My wife is going to kill me. I haven’t unearthed clandestine documents or a dark coconspirator. But it’s coming.
Emily and I are newly-weds, married only 9 months. By most accounts, the honeymoon shouldn’t be over yet. But the ardent love of our foibles and failings is nonexistent. She doesn’t even watch the shows we used to watch together anymore.
The other night, her ring brushed against my cheek, and I stirred. The diamond was red-brown. I tried to ignore it, but it got to me, and I tossed for twenty minutes. I tried to pull it from her finger. I got soap, and a little bit of that massage oil she used to love, but it wouldn’t budge. And I couldn’t sleep next to her, with that red diamond shimmering at me in the moonlight.

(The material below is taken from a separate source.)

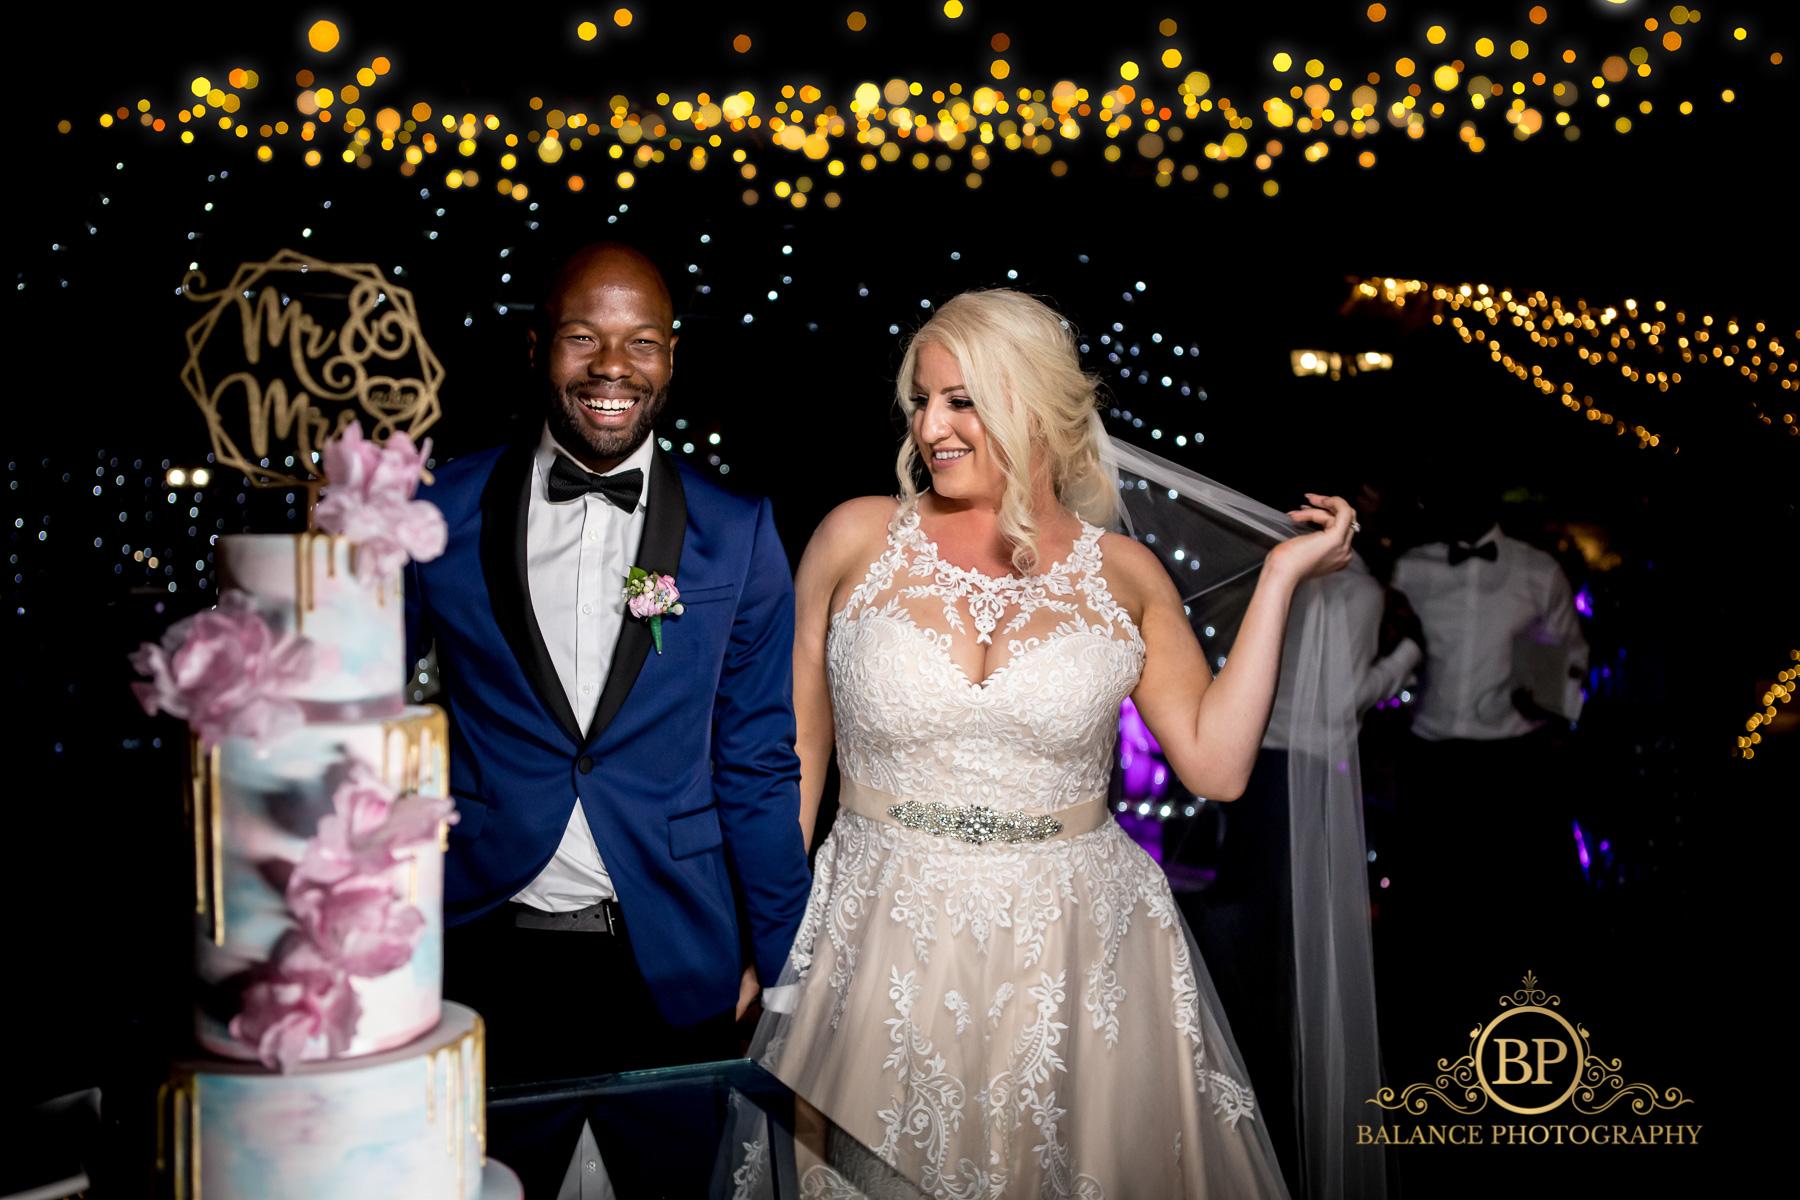 Bride, groom, and one majestic wedding cake - Balance Photography

She woke me the next morning on the couch. She seemed hurt that I’d left her all alone. I asked her about her ring, and she broke down.
The day before, a co-worker, Martha Groom, from accounting, had confronted her. She’d been shaving money off the top of her budget, and placing it into a war chest, a discretionary account she planned to use to get her team the new project. Martha, a woman in her fifties who looked like a woman in her sixties, demanded ten percent off the top of the account, or she was going to report her.

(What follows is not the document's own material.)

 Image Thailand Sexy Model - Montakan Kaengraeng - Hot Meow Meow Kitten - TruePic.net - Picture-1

And my wife punched her in the eye. Her diamond cut a slice off the old woman's eyelid as she fell over, and she hadn’t noticed the blood. Emily scrubbed it away, but underneath, the stone had taken on a pink hue. I wanted to tell her, but I hadn’t slept well on the couch, and didn’t have the energy for another fight.
Martha never told on her, and Emily used the money to put together a catered presentation that won her the project. I don’t’ know if they’d come to an understanding, or if women bond after a physical confrontation like men do, but she invited Martha onto the project, as well. Meanwhile, things at home became even more tense. She spent most of her days at work, and I started to wonder if she was having an affair.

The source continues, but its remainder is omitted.